RECORDED DATA.
=-=-=
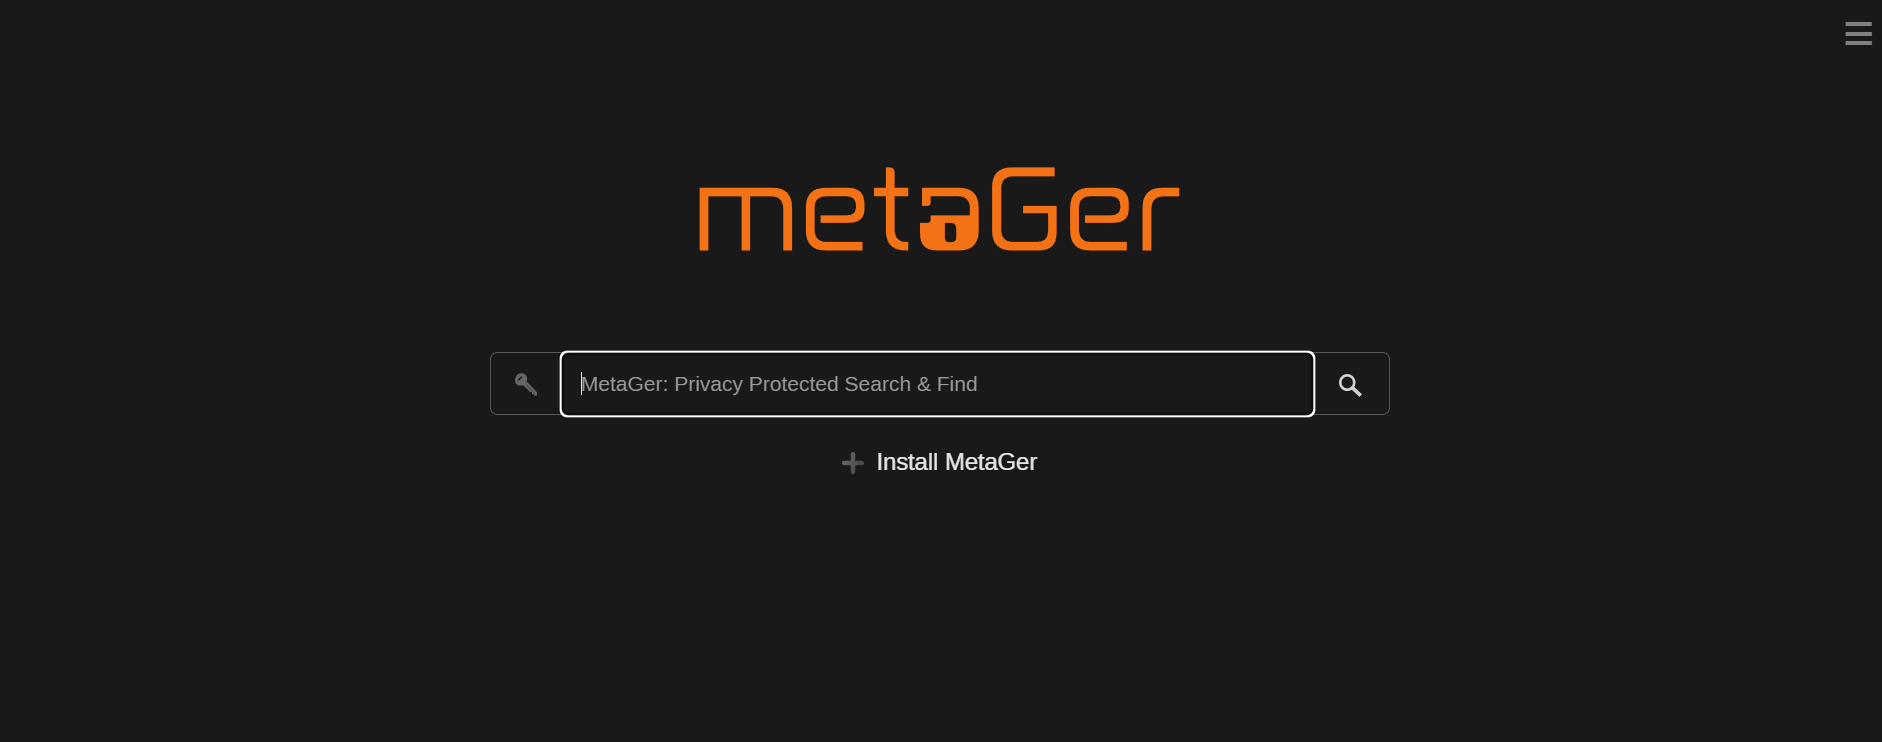 Buscadores aparte de Google: MetaGer
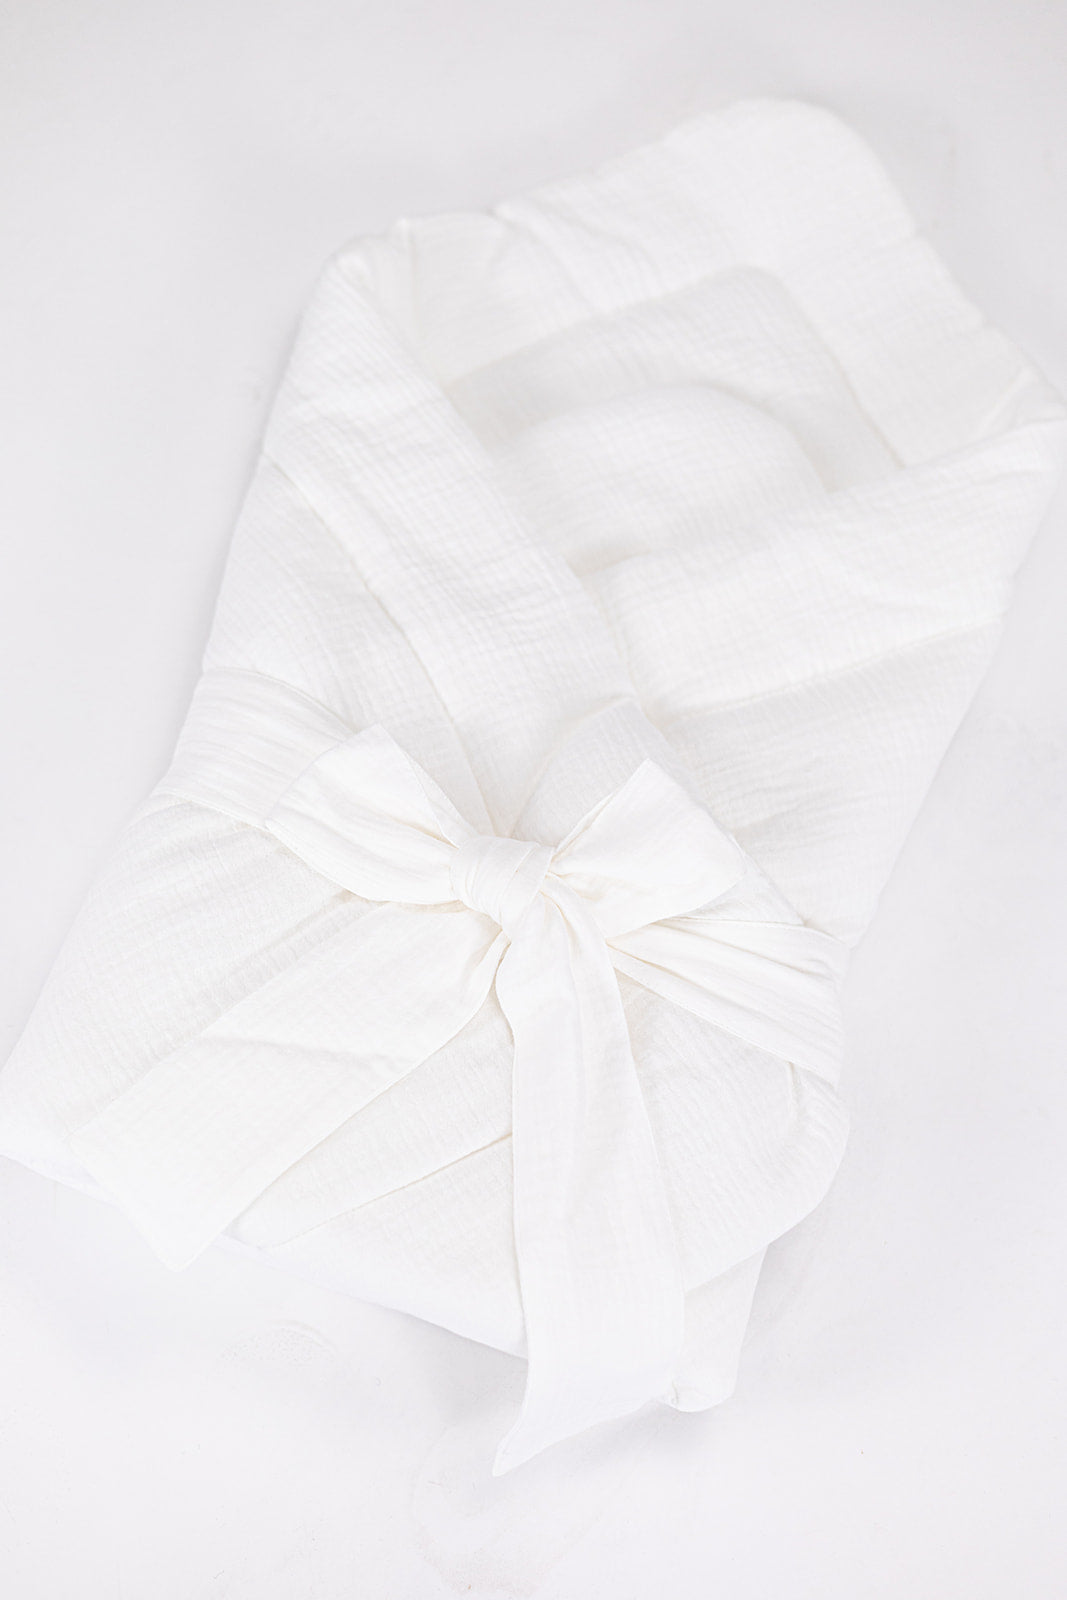 Envoltorio Blanco: Tranquilidad en forma de algodón
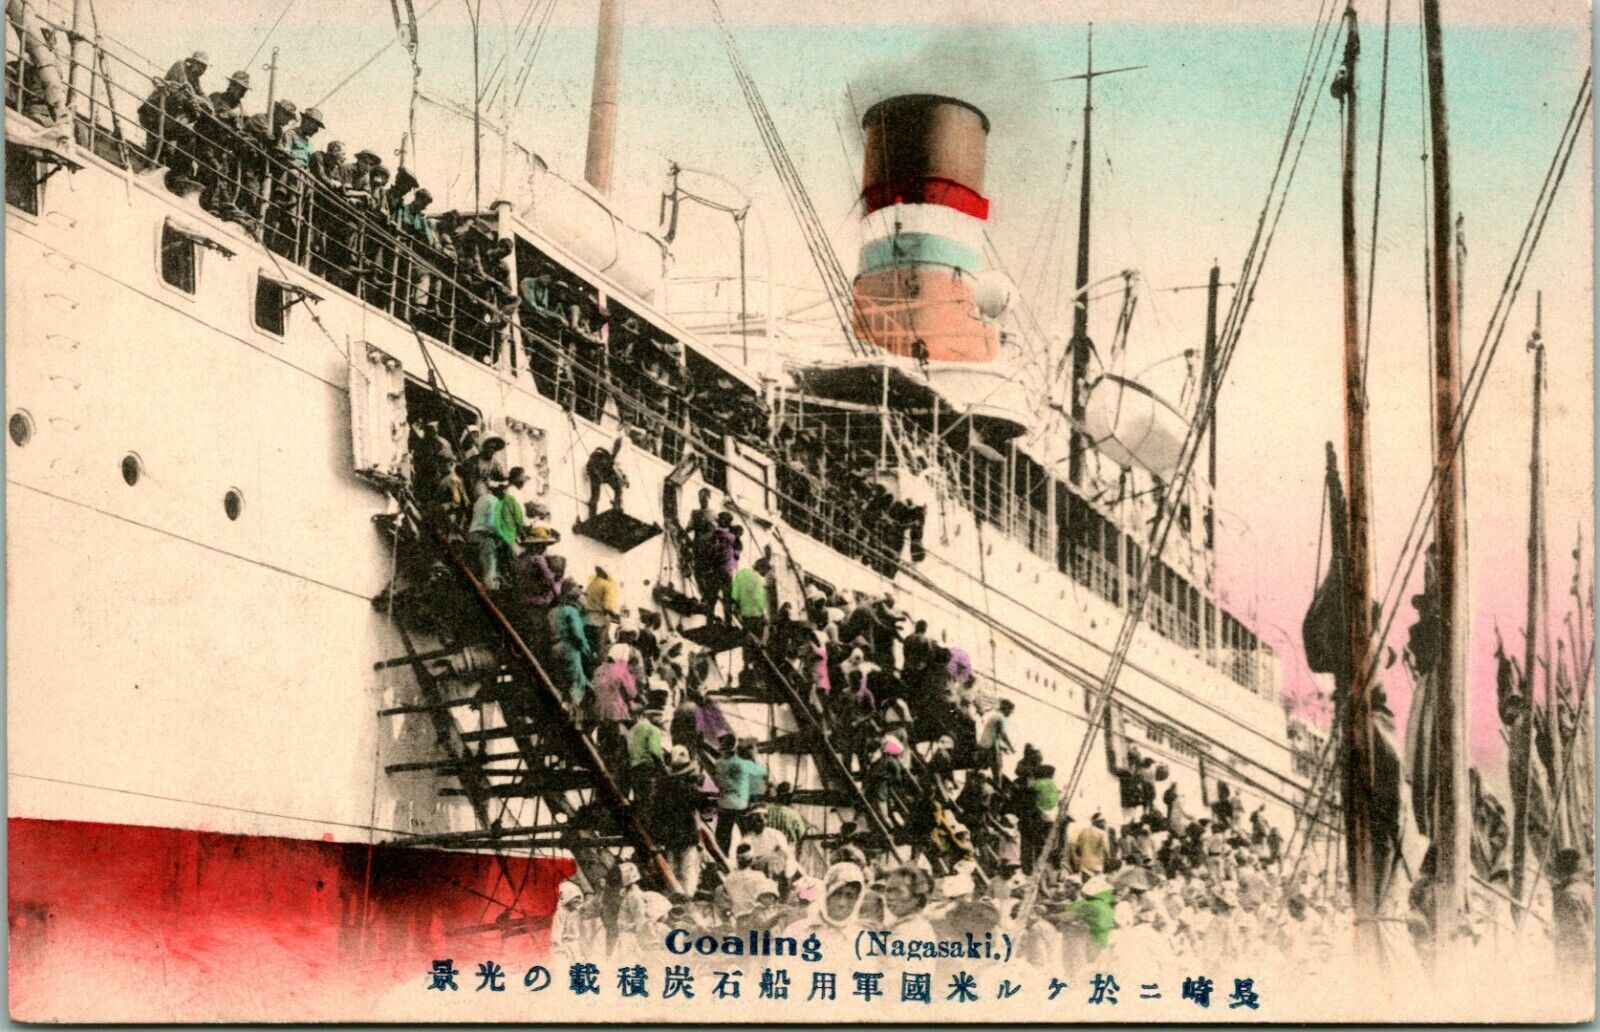 Vtg Postcard 1910s Japan Nagasaki Goaling Steamship Steamer at Port UNP Tinted
=-=-=
EXERCISE REQUIREMENTS. Omitting all pictures, retype exactly the lines from the line containing "Envoltorio Blanco: Tranquilidad" down to the last line above, both ends included.

RESPONSE TO THIS EXERCISE.
 Envoltorio Blanco: Tranquilidad en forma de algodón
 Vtg Postcard 1910s Japan Nagasaki Goaling Steamship Steamer at Port UNP Tinted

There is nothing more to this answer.